===== RECORDS SHOWN =====
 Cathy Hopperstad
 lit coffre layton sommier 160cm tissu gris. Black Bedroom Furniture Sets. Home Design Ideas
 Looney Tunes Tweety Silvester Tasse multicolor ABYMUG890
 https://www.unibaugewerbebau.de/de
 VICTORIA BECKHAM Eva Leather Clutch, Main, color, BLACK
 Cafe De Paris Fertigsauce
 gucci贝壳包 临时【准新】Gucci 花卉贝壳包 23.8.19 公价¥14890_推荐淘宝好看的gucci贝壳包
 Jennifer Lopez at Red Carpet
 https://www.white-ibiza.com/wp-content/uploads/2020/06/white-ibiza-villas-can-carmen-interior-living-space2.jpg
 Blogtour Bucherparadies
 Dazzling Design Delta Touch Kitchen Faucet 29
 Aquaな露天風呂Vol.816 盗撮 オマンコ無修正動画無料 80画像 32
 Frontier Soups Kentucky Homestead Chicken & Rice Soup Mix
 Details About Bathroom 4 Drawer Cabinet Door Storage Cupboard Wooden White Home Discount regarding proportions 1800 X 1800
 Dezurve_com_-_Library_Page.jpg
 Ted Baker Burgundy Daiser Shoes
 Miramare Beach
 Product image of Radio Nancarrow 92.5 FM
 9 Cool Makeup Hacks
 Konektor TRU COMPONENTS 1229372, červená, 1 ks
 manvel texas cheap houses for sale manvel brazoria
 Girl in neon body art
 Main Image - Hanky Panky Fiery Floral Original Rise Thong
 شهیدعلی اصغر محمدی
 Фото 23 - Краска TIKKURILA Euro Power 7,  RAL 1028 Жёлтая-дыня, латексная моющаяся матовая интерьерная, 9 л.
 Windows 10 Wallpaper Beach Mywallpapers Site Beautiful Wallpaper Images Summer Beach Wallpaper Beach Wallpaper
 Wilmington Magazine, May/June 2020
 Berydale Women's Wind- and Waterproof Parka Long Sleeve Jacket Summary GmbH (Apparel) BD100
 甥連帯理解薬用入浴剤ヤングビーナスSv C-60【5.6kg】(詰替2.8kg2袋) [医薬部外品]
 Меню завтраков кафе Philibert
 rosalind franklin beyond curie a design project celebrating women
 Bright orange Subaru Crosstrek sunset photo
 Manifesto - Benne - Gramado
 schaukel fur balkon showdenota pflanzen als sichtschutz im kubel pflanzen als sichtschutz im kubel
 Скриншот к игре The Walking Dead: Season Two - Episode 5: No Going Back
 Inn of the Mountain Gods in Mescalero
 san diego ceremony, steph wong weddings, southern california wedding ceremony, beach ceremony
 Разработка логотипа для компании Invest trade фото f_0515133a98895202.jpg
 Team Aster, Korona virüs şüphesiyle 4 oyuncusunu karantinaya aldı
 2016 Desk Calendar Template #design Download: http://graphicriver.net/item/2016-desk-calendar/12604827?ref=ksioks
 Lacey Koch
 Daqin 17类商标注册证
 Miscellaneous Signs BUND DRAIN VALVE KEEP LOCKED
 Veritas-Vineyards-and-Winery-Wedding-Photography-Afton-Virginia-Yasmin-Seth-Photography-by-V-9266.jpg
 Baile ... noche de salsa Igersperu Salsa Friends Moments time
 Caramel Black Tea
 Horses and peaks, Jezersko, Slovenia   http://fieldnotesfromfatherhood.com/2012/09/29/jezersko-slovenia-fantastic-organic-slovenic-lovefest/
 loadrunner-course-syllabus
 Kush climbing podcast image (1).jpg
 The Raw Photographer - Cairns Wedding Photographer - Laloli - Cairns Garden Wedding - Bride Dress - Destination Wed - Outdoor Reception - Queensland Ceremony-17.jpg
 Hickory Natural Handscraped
=====
## ASSIGNMENT
Set down, word for word, each line from the top of the records above through the line with "schaukel fur balkon".

## TASK OUTPUT
 Cathy Hopperstad
 lit coffre layton sommier 160cm tissu gris. Black Bedroom Furniture Sets. Home Design Ideas
 Looney Tunes Tweety Silvester Tasse multicolor ABYMUG890
 https://www.unibaugewerbebau.de/de
 VICTORIA BECKHAM Eva Leather Clutch, Main, color, BLACK
 Cafe De Paris Fertigsauce
 gucci贝壳包 临时【准新】Gucci 花卉贝壳包 23.8.19 公价¥14890_推荐淘宝好看的gucci贝壳包
 Jennifer Lopez at Red Carpet
 https://www.white-ibiza.com/wp-content/uploads/2020/06/white-ibiza-villas-can-carmen-interior-living-space2.jpg
 Blogtour Bucherparadies
 Dazzling Design Delta Touch Kitchen Faucet 29
 Aquaな露天風呂Vol.816 盗撮 オマンコ無修正動画無料 80画像 32
 Frontier Soups Kentucky Homestead Chicken & Rice Soup Mix
 Details About Bathroom 4 Drawer Cabinet Door Storage Cupboard Wooden White Home Discount regarding proportions 1800 X 1800
 Dezurve_com_-_Library_Page.jpg
 Ted Baker Burgundy Daiser Shoes
 Miramare Beach
 Product image of Radio Nancarrow 92.5 FM
 9 Cool Makeup Hacks
 Konektor TRU COMPONENTS 1229372, červená, 1 ks
 manvel texas cheap houses for sale manvel brazoria
 Girl in neon body art
 Main Image - Hanky Panky Fiery Floral Original Rise Thong
 شهیدعلی اصغر محمدی
 Фото 23 - Краска TIKKURILA Euro Power 7,  RAL 1028 Жёлтая-дыня, латексная моющаяся матовая интерьерная, 9 л.
 Windows 10 Wallpaper Beach Mywallpapers Site Beautiful Wallpaper Images Summer Beach Wallpaper Beach Wallpaper
 Wilmington Magazine, May/June 2020
 Berydale Women's Wind- and Waterproof Parka Long Sleeve Jacket Summary GmbH (Apparel) BD100
 甥連帯理解薬用入浴剤ヤングビーナスSv C-60【5.6kg】(詰替2.8kg2袋) [医薬部外品]
 Меню завтраков кафе Philibert
 rosalind franklin beyond curie a design project celebrating women
 Bright orange Subaru Crosstrek sunset photo
 Manifesto - Benne - Gramado
 schaukel fur balkon showdenota pflanzen als sichtschutz im kubel pflanzen als sichtschutz im kubel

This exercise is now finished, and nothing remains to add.